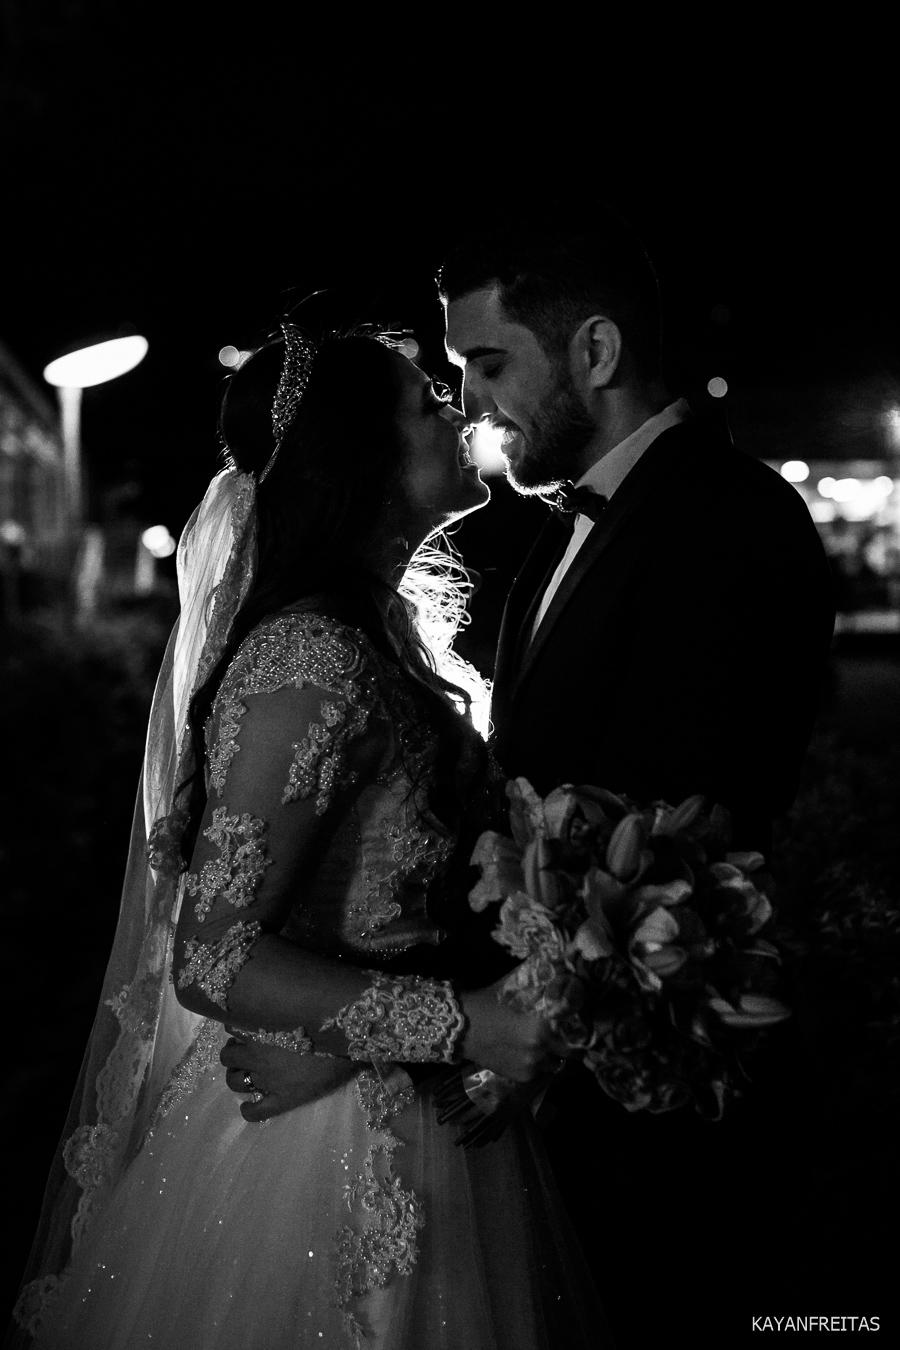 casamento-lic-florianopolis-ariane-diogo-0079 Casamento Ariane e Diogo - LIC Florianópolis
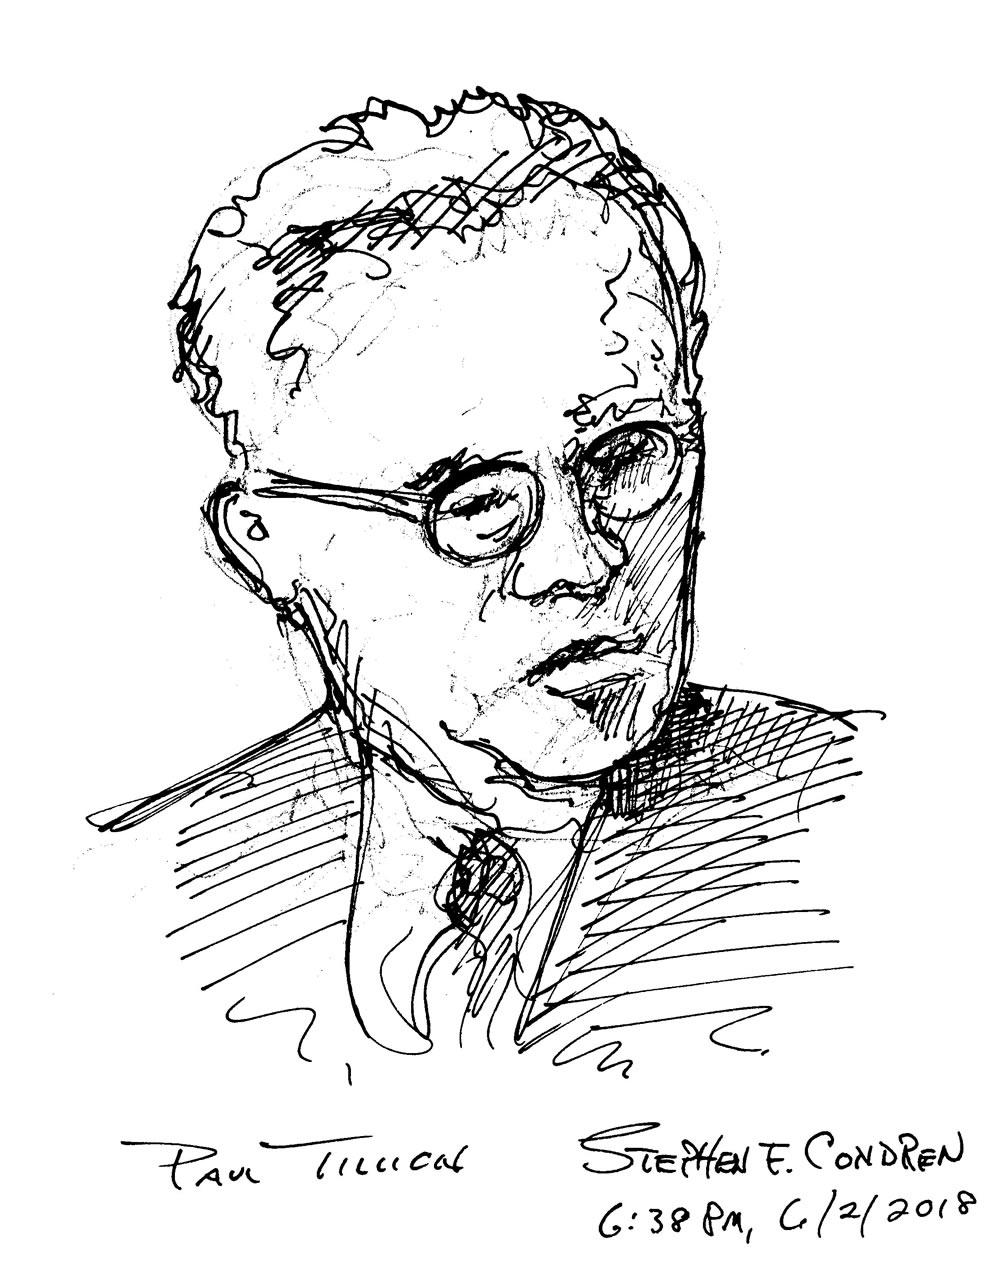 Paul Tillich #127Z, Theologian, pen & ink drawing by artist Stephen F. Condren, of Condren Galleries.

- - - - - - -

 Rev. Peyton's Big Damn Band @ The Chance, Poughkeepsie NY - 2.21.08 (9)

- - - - - - -

_Brief:_
Starting at the line above that contains "casamento-lic-florianopolis-ariane-diogo-0079 Casamento Ariane", transcribe every line exactly through the line that contains "Paul Tillich #127Z, Theologian, pen", including that last one, and skip the pictures.

_Reply:_
 casamento-lic-florianopolis-ariane-diogo-0079 Casamento Ariane e Diogo - LIC Florianópolis
 Paul Tillich #127Z, Theologian, pen & ink drawing by artist Stephen F. Condren, of Condren Galleries.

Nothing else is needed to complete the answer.